# Out of the two, which is better? Thrash metal, death metal, or a mix of both?



## TheMetalVelocity (Jul 23, 2014)

What is your opinion?

For me, I'm just gonna go ahead and say both thrash metal and some mixing of the two.  I personally think thrash is musically better in a sense and vocals are more individualistic compared to death metal, plus it has just the right amount of extremity. To me death metal takes it way too far with being extreme, while thrash metal balances it out.


----------



## sniperfreak223 (Jul 23, 2014)

matter of personal preference, of course, but Thrash is my jam...but then again I grew up on Slayer and Pantera. I blame the overdone "death burp" vocals in most death metal for my inability to really get into it...although I absolutely LOVE Melodic Death Metal.


----------



## Batty Krueger (Jul 23, 2014)

I prefer thrash myself.  It sounds closer to hardcore punk than death metal.


----------



## Kitsune Cross (Jul 23, 2014)

They are different genres, so it's different for everyone. I prefer Thrash Metal but I don't think it's better than Death Metal, it's just a preference. Though I'm starting to like Progressive Death Metal a lot


----------



## Max Mortimer (Jul 24, 2014)

No preference here.  I like good metal bands.  The great thrash bands and there's great death bands.  On the other hand there's shifty thrash bands and there's shifty death bands.


----------



## KyryK (Jul 24, 2014)

I'm not a massive fan of either genre tbh. I like straight up death metal less than thrash but if you mix death metal with other genres (specifically doom) the results can be fantastic. 

Case in point:

[yt]M_SjhWUk1zQ[/yt]

I'd say overall i prefer death metal simply for the existence of death/doom.


----------



## Vukasin (Jul 25, 2014)

Neither are better than the other.


----------



## TheMetalVelocity (Aug 4, 2014)

Batty Krueger said:


> I prefer thrash myself.  It sounds closer to hardcore punk than death metal.

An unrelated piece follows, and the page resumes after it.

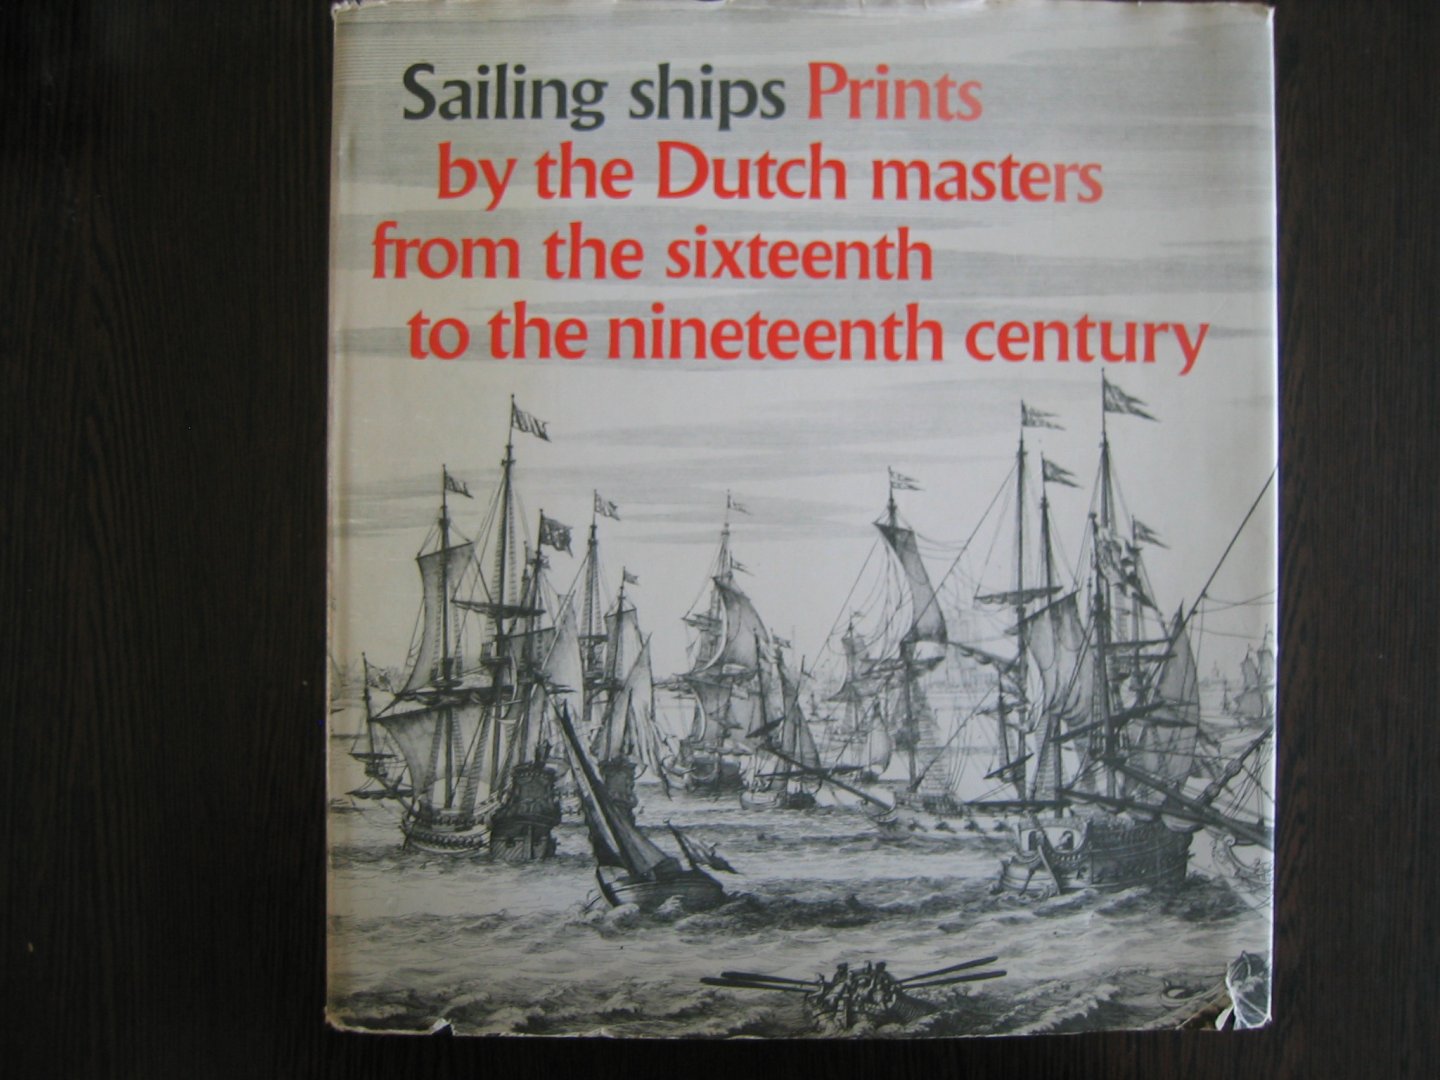 Groot, Irene de - Sailing ships Prints by the Dutch masters from te sixteenth to the nineteenth century

 You know, I listened to both thrash metal and hardcore punk, I can tell you they sound quite different to me. Thrash was influenced by hardcore/punk in some way, that's from what I've researched. I mean, I can see where people are coming from, and it has similarities I noticed by listening myself. Thrash has the vocal aggression and drum beats/tempo similar to that of hardcore, but to me personally, they both sound pretty musically different from each other. It goes like this to me: Thrash = metal, hardcore = punk. See what I did there? it sounds a little redundant or obvious, but minus the =, that's how the genres are spelled in their full two words each and it's how I look at both genres. I do like thrash metal over punk/hardcore personally, I feel there's more beef to the genre than punk/hardcore. Thrash, Being riff oriented, solos, musical techniques, better/more talented musically, vocals/lyrics, overall enjoyment, etc... It feels more filling. I actually like more metal influenced punk bands whenever I get around to that genre, maybe it is that touch of metal that makes me enjoy it, which seems obvious. I don't hate all punk, but for me, it's metal all the way! 

You should check out crossover thrash. It's basically thrash metal and hardcore punk mixed together.


----------



## chinaairlines (Apr 20, 2016)

It sounds closer to hardcore punk than death metal. I do like thrash metal over punk/hardcore personally, I feel there's more beef to the genre than punk/hardcore. On the other hand there's shifty thrash bands and there's shifty death bands.


----------



## RinkuTheRuffian (Apr 20, 2016)

Yeah, I'm more of a thrash person because of its punk vibes.  But I can still enjoy a little bit of death metal every now and then, but I do prefer prog metal/djent over both.


----------



## Wolveon (Apr 20, 2016)

I'd prefer thrash.


----------



## Toby_Morpheus (Apr 21, 2016)

I prefer death metal, but melodic death metal over that.


----------